A parlare è, ancora una volta, Griffolino e Dante lo utilizza per lanciare un’indiretta accusa contro Siena e i Senesi: “Io fui d’Arezzo, e Albero da Siena mi fe’ mettere a fuoco; ma quel per ch’i’ mori’ qui non mi mena. Vero è ch’i’ dissi lui, parlando a gioco: ‘I’ mi saprei levar per l’aere a volo’; e quei, ch’avea vaghezza e senno poco, volle ch’i’ li mostrassi l’arte; e solo perch’io nol feci Dedalo, mi fece ardere a tal che l’avea per figliuolo. Ma nell’ultima bolgia delle diece me per l’alchimia che nel mondo usai dannò Minòs, a cui fallar non lece”: Io fui di Arezzo e sono stato fatto mettere al rogo (come eretico) da Alberto da Siena; ma non sono qui per la colpa per cui sono morto. Vero è che io (un giorno) gli ho detto, per scherzo, scherzando: io sarei capace di levarmi in volo, di volare nell’aria; e Alberto, che aveva poco senno e desiderio di volare (di indole capricciosa qual era…), volle che io gli mostrassi  l’arte di volare; e solo per il fatto di non essere riuscito a farne un novello Dedalo (cioè per non essere riuscito a farlo volare), mi ha fatto condannare al rogo dal vescovo Bonfiglio, che gli voleva bene come un padre. Ma Minosse, al quale è impossibile sbagliare (nel giudicare, mentre la giustizia umana si rivela spesso fallace…), mi ha condannato a pagare nella decima bolgia per il peccato di alchimia da me praticata da vivo.

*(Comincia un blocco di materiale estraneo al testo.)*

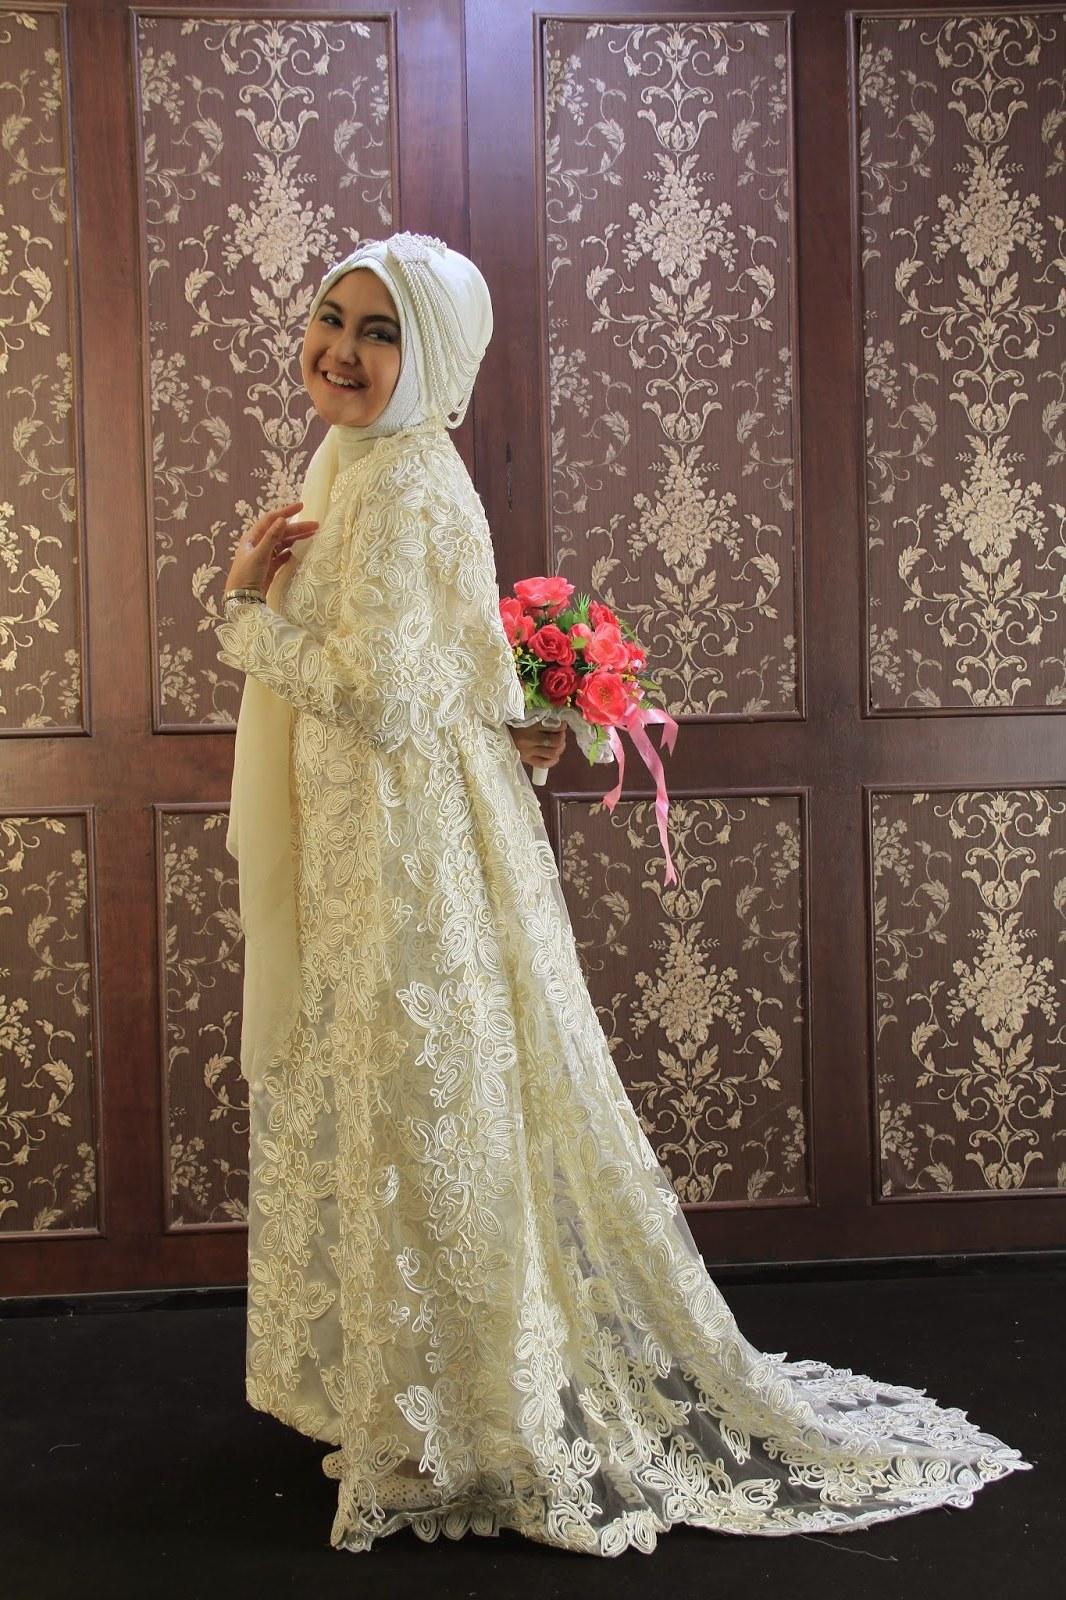 Model Gaun Pengantin Muslim 2017 Whdr Padme Wedding Dress Replica – Fashion Dresses

(C’era l’alchimia lecita, cioè l’estrazione dei metalli nobili, come l’oro e l’argento, dai minerali, e quella sofistica che consisteva, appunto, nel falsare e sofisticare i metalli: insomma, da una parte la scienza e dall’altra la pseudoscienza ai confini con la magia).

Dante trae dalle parole di Griffolino lo spunto per continuare a dir male dei malvagi Senesi e ironizzare anche sulla loro sostanziale leggerezza, futilità e vacuità, e, infatti, dice a Virgilio (ma lo vuole dire ai suoi contemporanei e ai posteri a futura memoria): Or fu già mai gente sì vana come la sanese? Certo non la francesca sì d’assai!: C’è mai stata gente così leggera, vacua, sciocca, senza cervello come i senesi? Certo così tanto neppure quella francese! (Che ha fama di esserlo…). Sentendo le mie parole, l’altro dannato con la lebbra o scabbia che dir si voglia, cioè Capocchio (alchimista senese, o forse fiorentino secondo alcuni commentatori, arso vivo anche lui nel 1293; potrebbe esser stato compagno di studi di Dante) ha risposto (onde l’altro lebbroso, che m’intese, rispuose al detto mio): Tra’mene Stricca che seppe far le temperate spese, e Niccolò che la costuma ricca del garofano prima discoperse nell’orto dove tal seme s’appicca; e tra’ne la brigata in che disperse Caccia d’Ascian la vigna e la gran fronda, e l’Abbagliato suo senno proferse. Ma perché sappi chi sì ti seconda contra i Sanesi, aguzza ver me l’occhio, sì che la faccia mia ben ti risponda: sì vedrai ch’io son l’ombra di Capocchio, che falsai li metalli con alchimia: e te dee ricordar, se ben t’adocchio, com’io fui di natura buona scimìa” (le parole di Capocchio, che vuole assecondare la scarsa simpatia di Dante verso i Senesi, forse affichè lo ricordi in bene nel dolce mondo, sono di un’ironia sferzante, fino al sarcasmo): (dei Senesi frivoli e dei privi di senno) devi escludere, togliere Stricca (forse Stricca figlio di Giovanni dei Salimbeni, podestà di Bologna tra il 1276 e il 1286; distrusse le ricchezze ereditate spendendo pazzamente e facendo vita godereccia insieme alla sua allegra brigata), che seppe fare le sue spese con moderazione, e il suo fratello Niccolò, che fu il primo a scoprire l’uso costoso dei fiori di garofano (nei cibi) nella città di Siena, (giardino) dove tali originalità attecchiscono bene e facilmente (cioè l’inclinazione al lusso e alla ghiottoneria); ed escludi anche la brigata (godereccia o spendereccia formata da 12 giovani-vitelloni di notevoli e potenti famiglie senesi che, in soli due anni, dilapidarono ben 216.000 fiorini!), nella quale Caccia d’Asciano ha dilapidato i vigneti e i poderi che possedeva, e anche Bartolomeo dei Folcacchieri, detto l’Abbagliato, che ha dimostrato, ha dato prova della sua saggezza.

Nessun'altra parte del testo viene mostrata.